As announced last year, Comcast has made good on their promise to deliver Xfinity television to the Roku platform. However, the initial experience may not provide what many cable customers had hoped for. First, the Xfinity Roku channel is not capable of simply replacing every cable box as “at least one Comcast-provided TV box, a CableCARD and have a compatible IP gateway in your home” are required. Yet, despite those hardware requirements, the Roku Xfinity app does not (yet?) actually link into one’s collection of local DVR recordings. But where the in-home-only streaming starts to come apart is in pricing…
During this “beta” period, access is on the house. However, once deployed, Comcast indicates successive Rokus will be hit with “additional outlet” fees — to the tune of $7.45/mo. Comcast justifies this approach by referencing their TiVo/CableCARD pricing model. However, a single CableCARD-powered TiVo feeds multiple TiVo Minis … without requiring additional fees.
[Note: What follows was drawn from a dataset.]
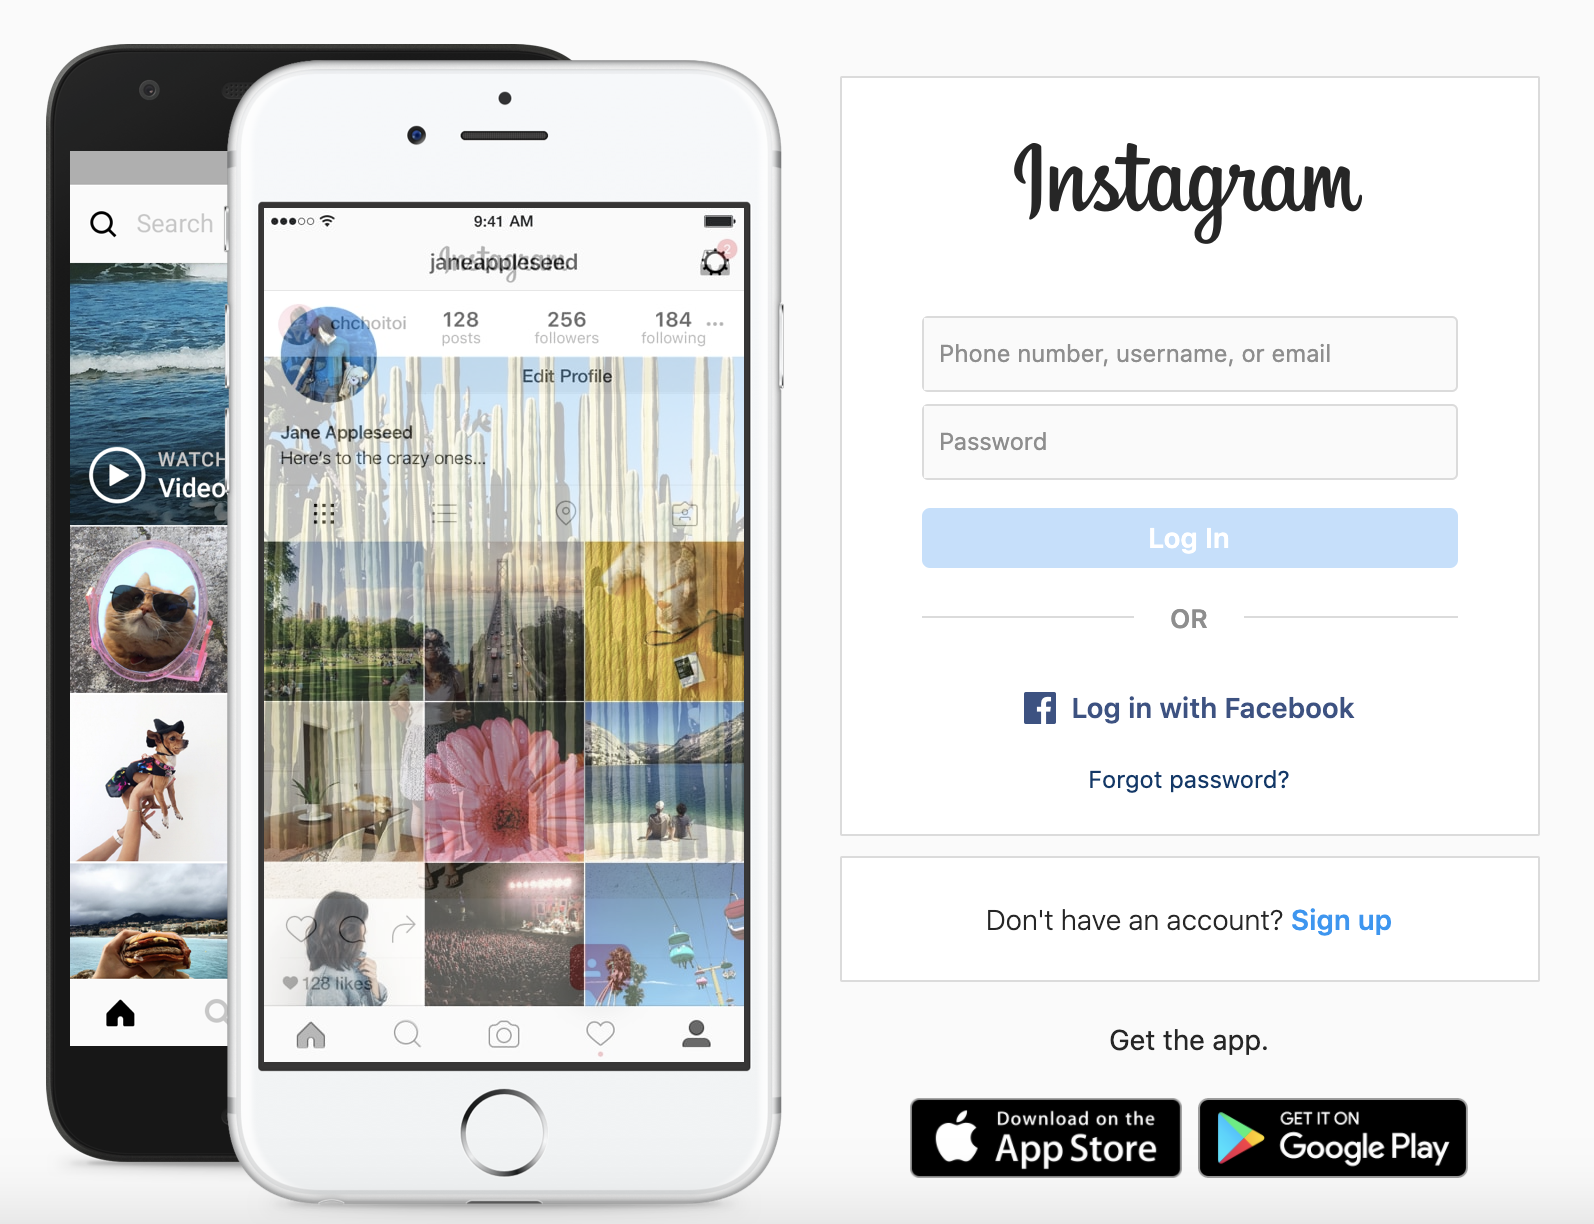 how to post on instagram using macbook

But this approach is probably the best we’re going to get under the new administration, unless or until a sufficient number of consumers speak with their wallets and move to a more cord cutting-friendly service like Sling TV or DirecTV NOW. However, on the plus side, the service is streamed over Comcast’s private, managed network, so data usage doesn’t count against one’s broadband cap. Plus, supported Rokus are certainly more compact, energy efficient, and economical than the typical cable box rental.
I assume Apple TV and Fire TV apps are similarly in the works.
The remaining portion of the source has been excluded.